• 20 mayıs 2017'de izmir karagöl tabiat parkı'na kız arkadaşımla kampa gitmiştik. 3 gün sonra işe başlayacağımdan alelacele gelişmiş bir kamp fikriydi. sistem çarkına düşmeden son kaçamak olacaktı. yanımızda tek uyku tulumu vardı. ben de aklımca kalın ceket ve eşofman altıyla geceleri çok zorlanmayacaktım. öyle ya mayıs ayıydı...

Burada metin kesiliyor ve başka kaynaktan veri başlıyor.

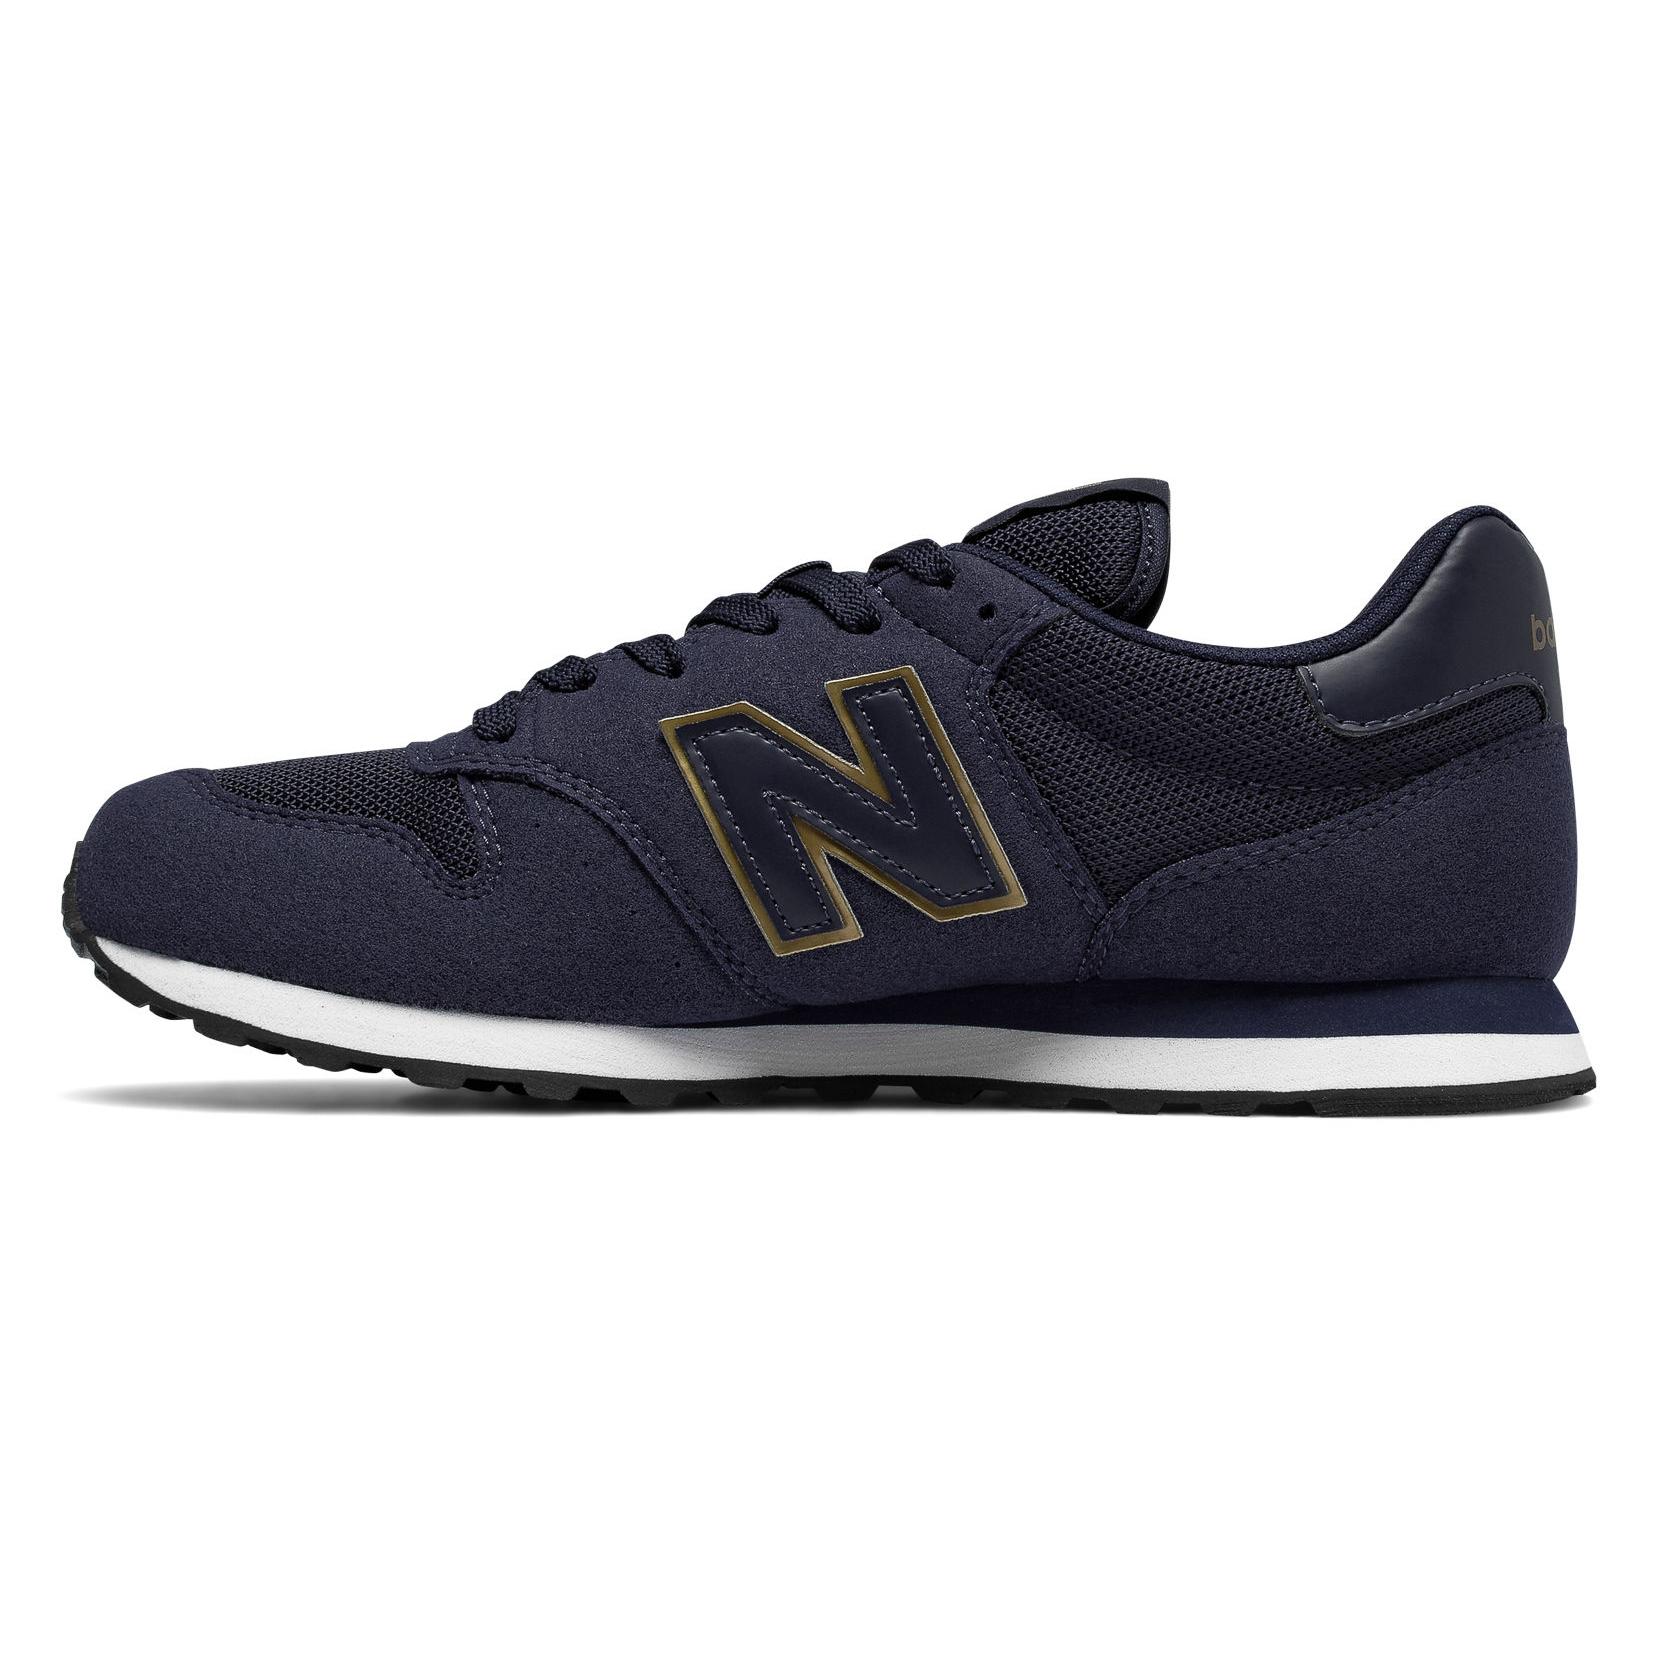 قیمت کفش راحتی مردانه نیو بالانس مدل GW500NGN

    efendime söyleyeyim bu karagöl izmir sınırlarında olsa da rakım olarak yüksekte kalıyor. (bkz: yamanlar dağı) akşam üzeri otostopla karagöl kamp mevkiine ulaştık. önceki gece sabaha kadar yağmur yağdığından orman ve toprak ıslaktı. güneş batmadan hızlıca çadırı kurup, yerleşip odun toplamayı düşündüm. gecenin soğuk geçeceği belliydi. nitekim birkaç saat yetecek odunu toplayabildim. çadırı kurduğum yeri tam olarak gözüm tutmasa da geç geldiğim için bir geceliğine bizi idare etsin diye düşünüyordum...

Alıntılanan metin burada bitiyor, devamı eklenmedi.